Take care, Stay true,

Brian Sherwin


  1. Hey Brian,
    People are people and that's the wild card. I look at it like I don't have to be them and let it go. You could always do what my mother used to say..."We'll see..." If they persist..tell them that the piece is in the works but you need more information about their exhibitions from other sources...that'll slow them down....after all an artist usually proves themselves by garnering attention first without the help of a critic. A few well picked art shows might be the first leg in the journey if their work is good enough to get notice. I know Dianne Bowen who is a performance/installation artist...Dianne is a plodder...I give her a lot of credit because her work is not about a product but about an artist making "art"which is not to be hung or collected necessarily since it takes place for the moment. Anyway let them know they have to be noticed by non critics before a critic will take kind of works that

  2. If there were more book reviewers who had your outlook and integrity, the world would be a different place. Bravo - don't let the guilt shoveling get to you. I'm sure you know it comes with the territory.

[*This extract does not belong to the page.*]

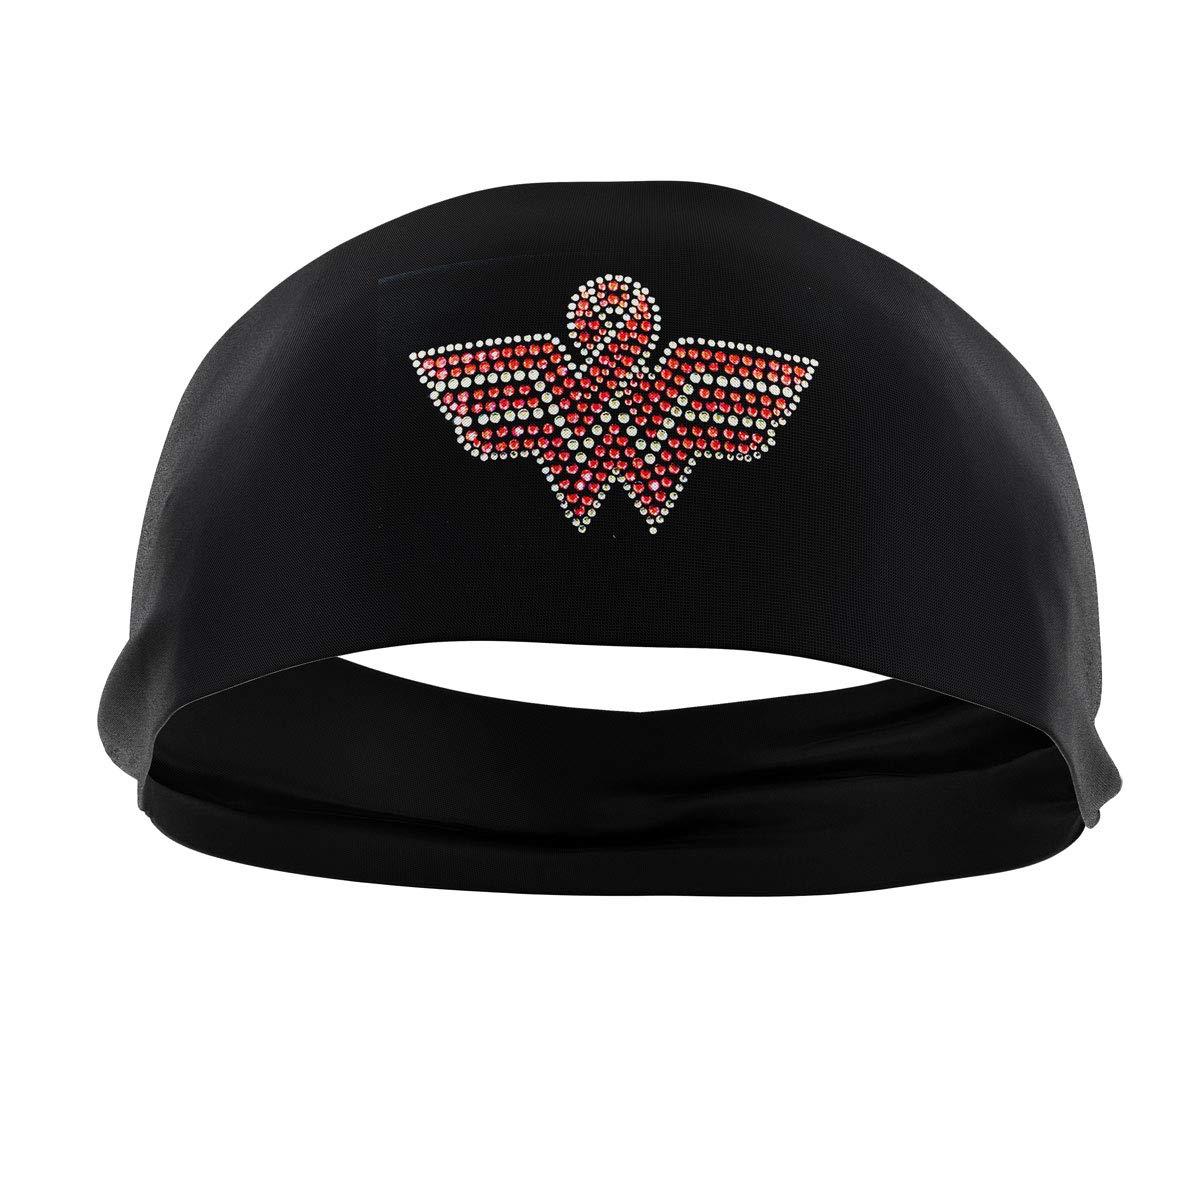 RAVEbandzファッションヘッドバンド(ラインストーン) Ñ調節可能、ノンスリップスポーツ&フィットネス用ヘアバンドレディース、ガールズ  Wonder Woman Breast Cancer Awareness B07ND5DWH9

  3. Integrity is something to hold on to-- art writing does not exactly make one rich. At the end of the day I'm comfortable with myself. That is the most important thing.

  4. Brian, glad you wrote this post. I've had my share of those who tell me I write poorly (they say it in meaner terms). Because I'm an artist, they usually go on to say that I'm not a very good one either. I have proof to the contrary, but it does no good to reward their ugly behavior.

    Glad you have joined the writing team I work for ;-} good to have you on board!